EXERCISE DESCRIPTION |
Your answer should be only the lines below from the one with "SLAY. Women's Embroidered" to the one with "GPSPD Fall 2023 Workshop Series", repeated exactly, ends included.

INFORMATION PROVIDED |
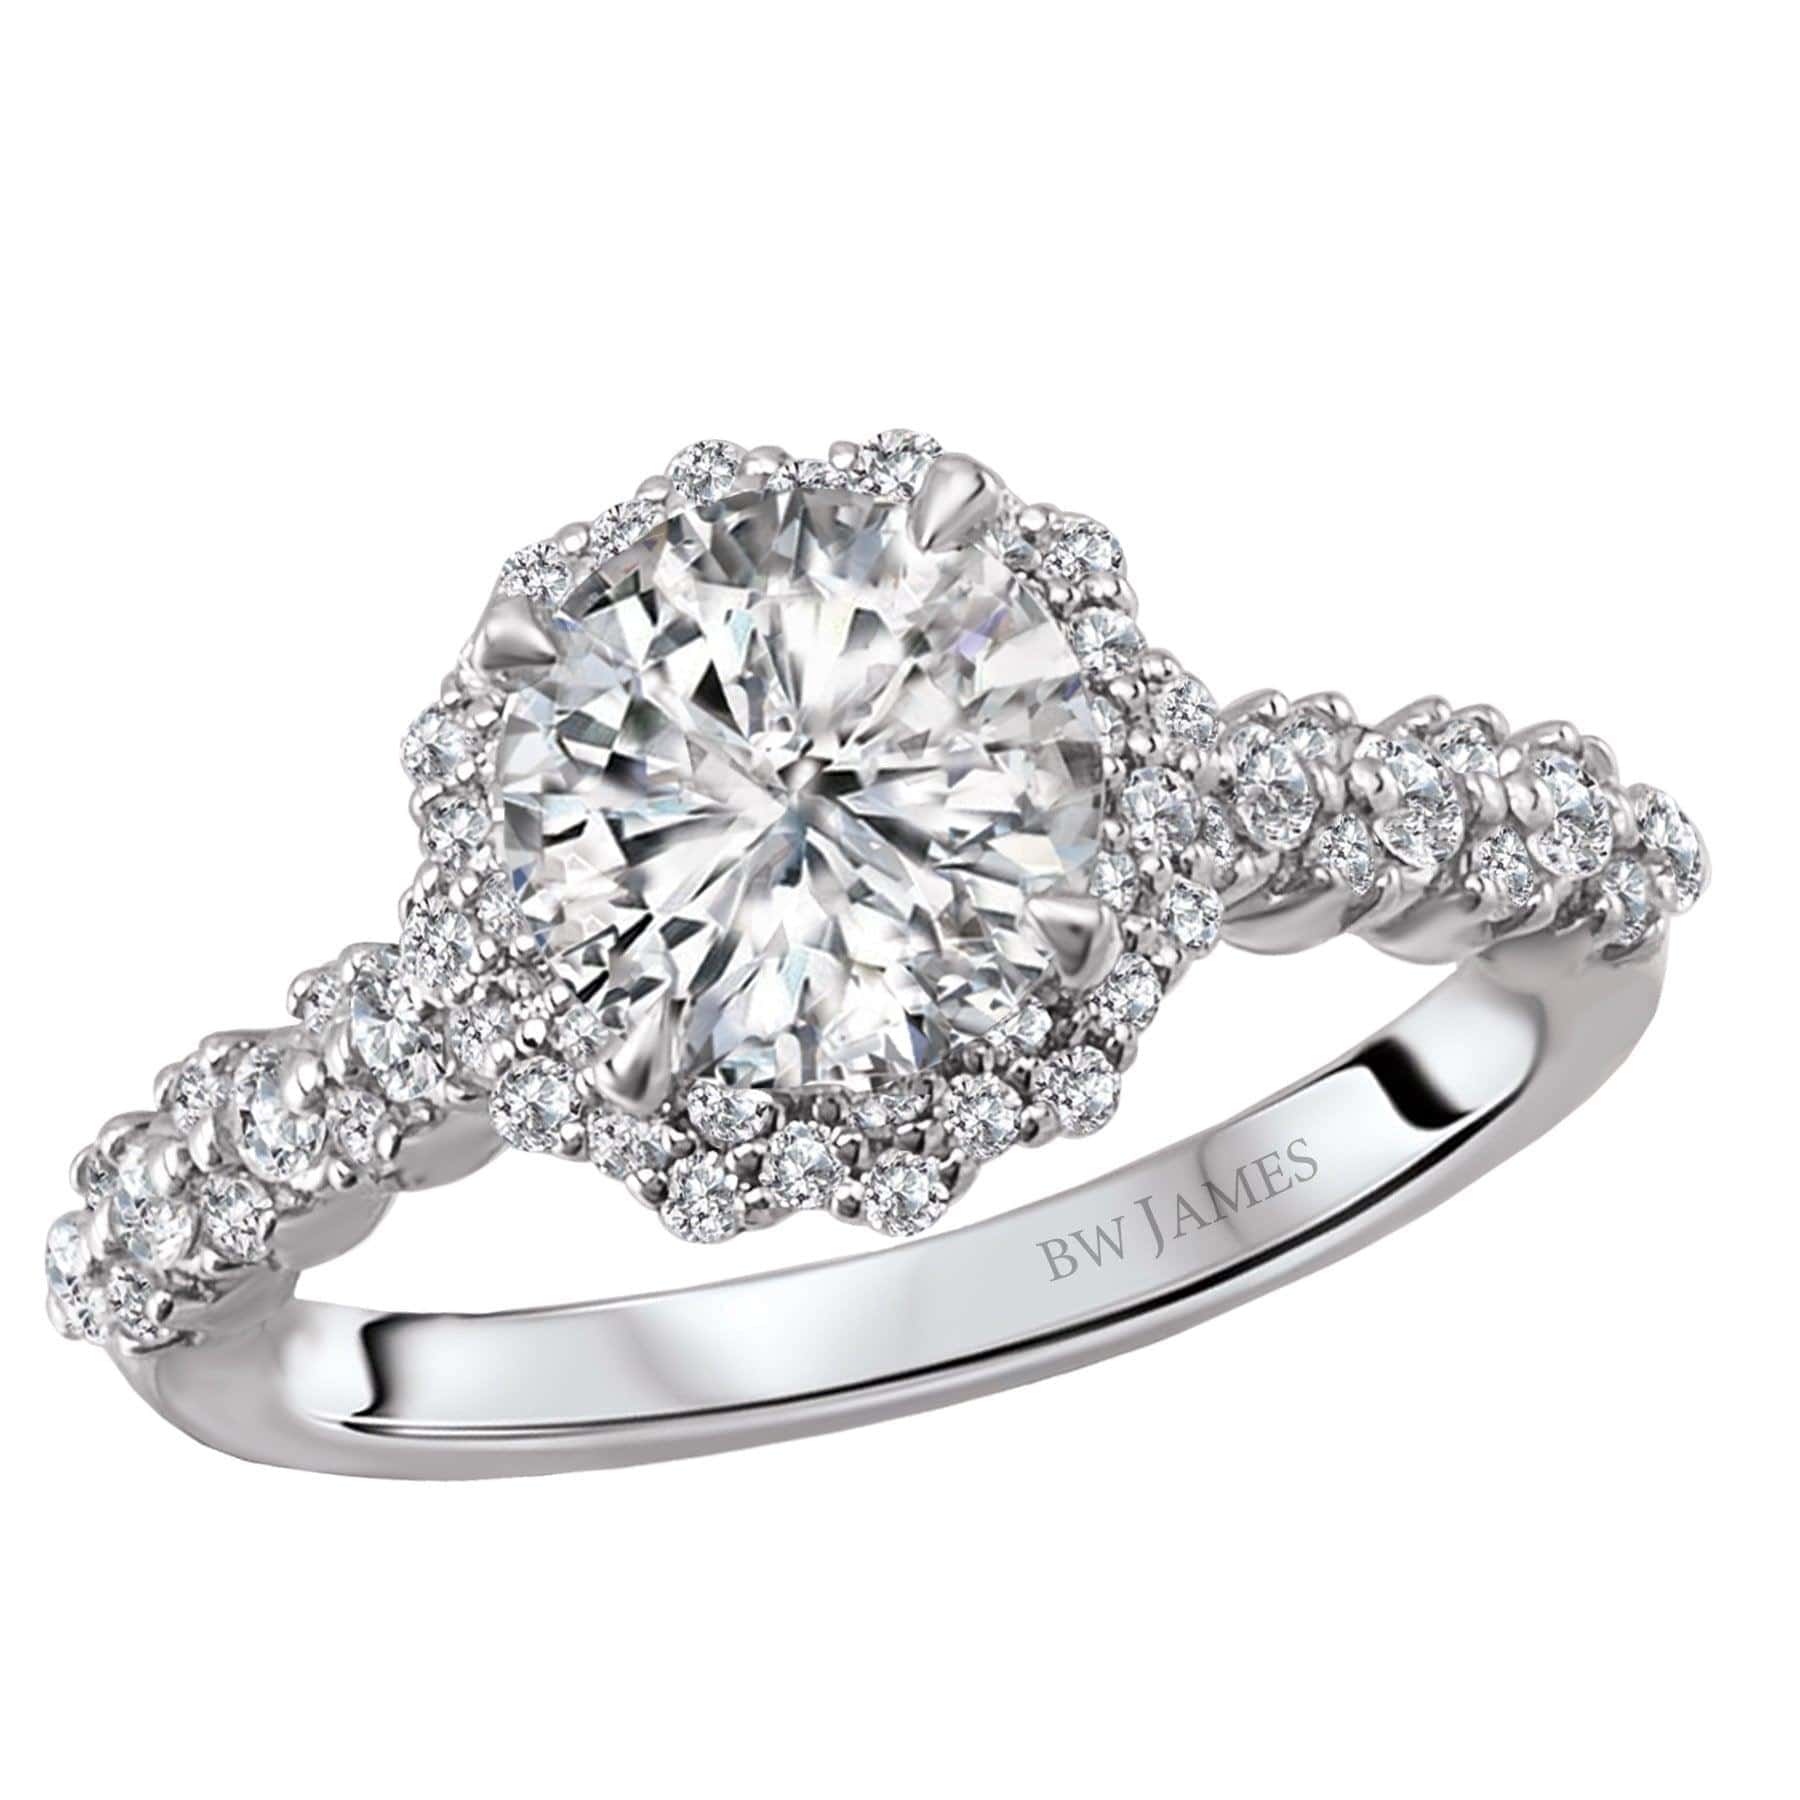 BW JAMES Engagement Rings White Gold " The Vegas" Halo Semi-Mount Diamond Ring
--
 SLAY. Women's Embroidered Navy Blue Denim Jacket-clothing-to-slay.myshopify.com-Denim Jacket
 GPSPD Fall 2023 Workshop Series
---
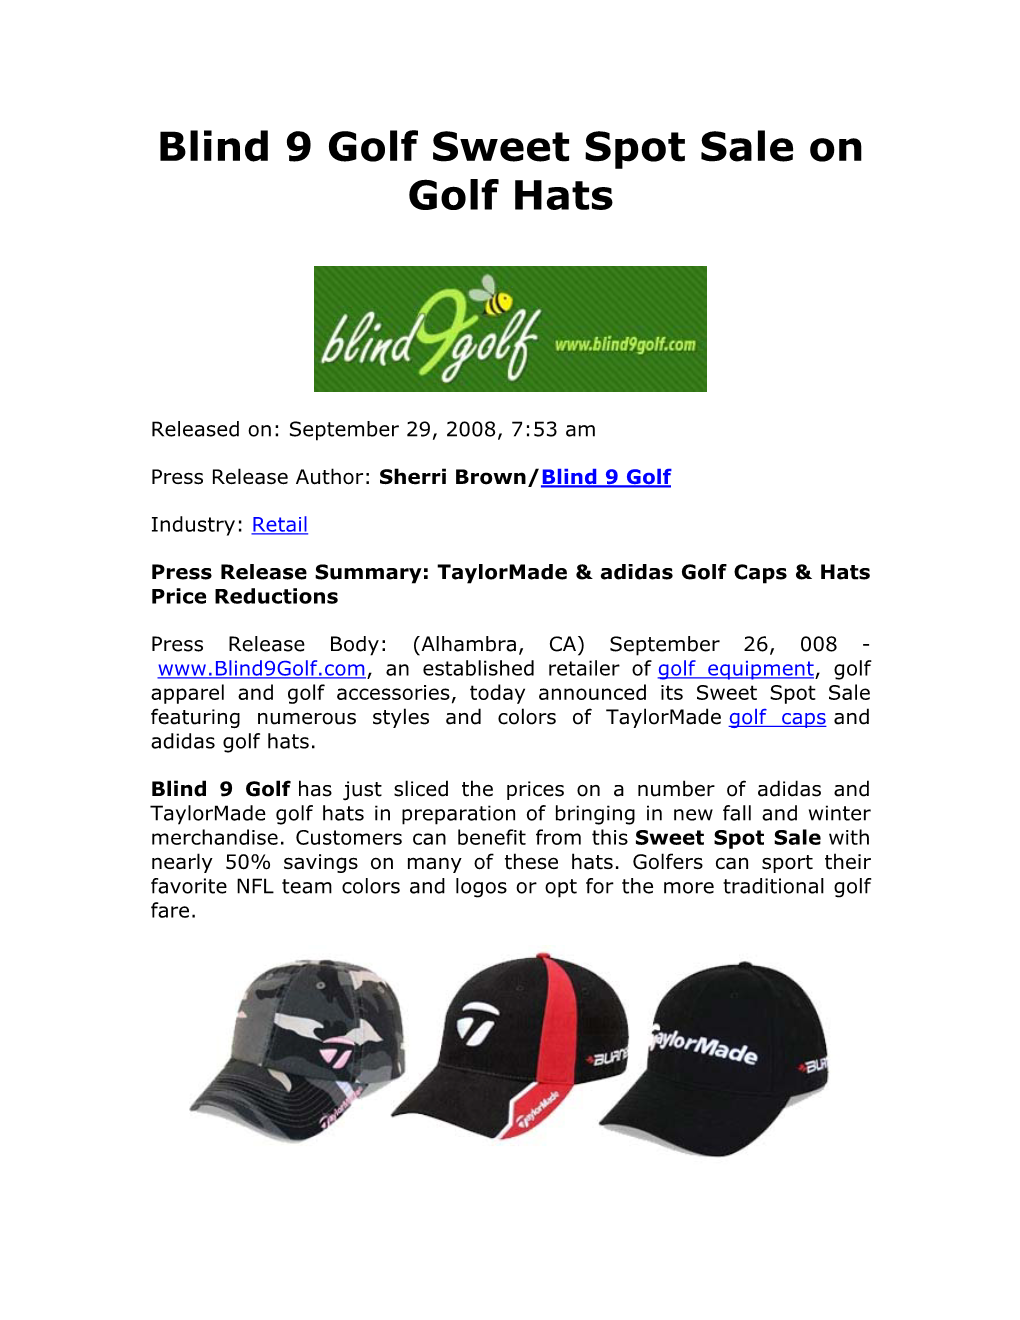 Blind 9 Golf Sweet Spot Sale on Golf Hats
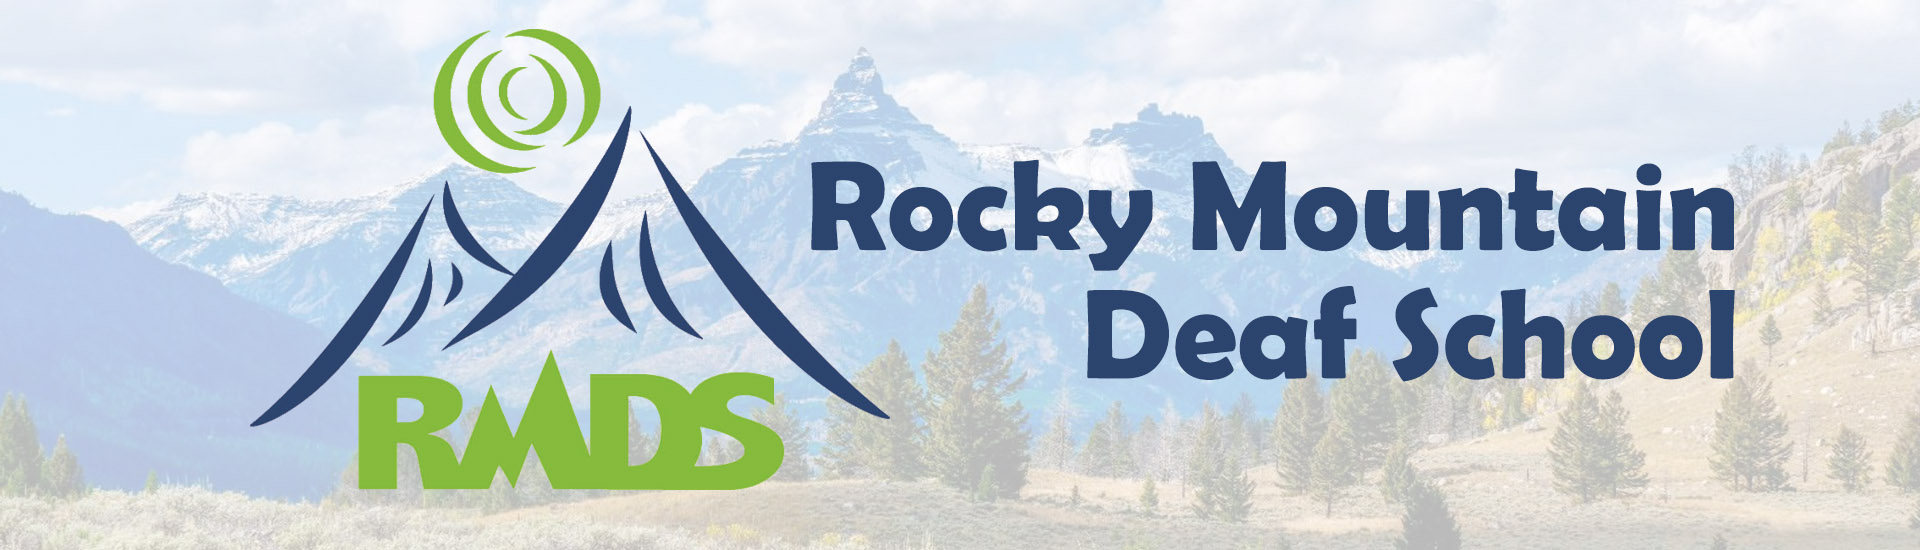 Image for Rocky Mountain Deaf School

RESPONSE TO THIS TASK |
 SLAY. Women's Embroidered Navy Blue Denim Jacket-clothing-to-slay.myshopify.com-Denim Jacket
 GPSPD Fall 2023 Workshop Series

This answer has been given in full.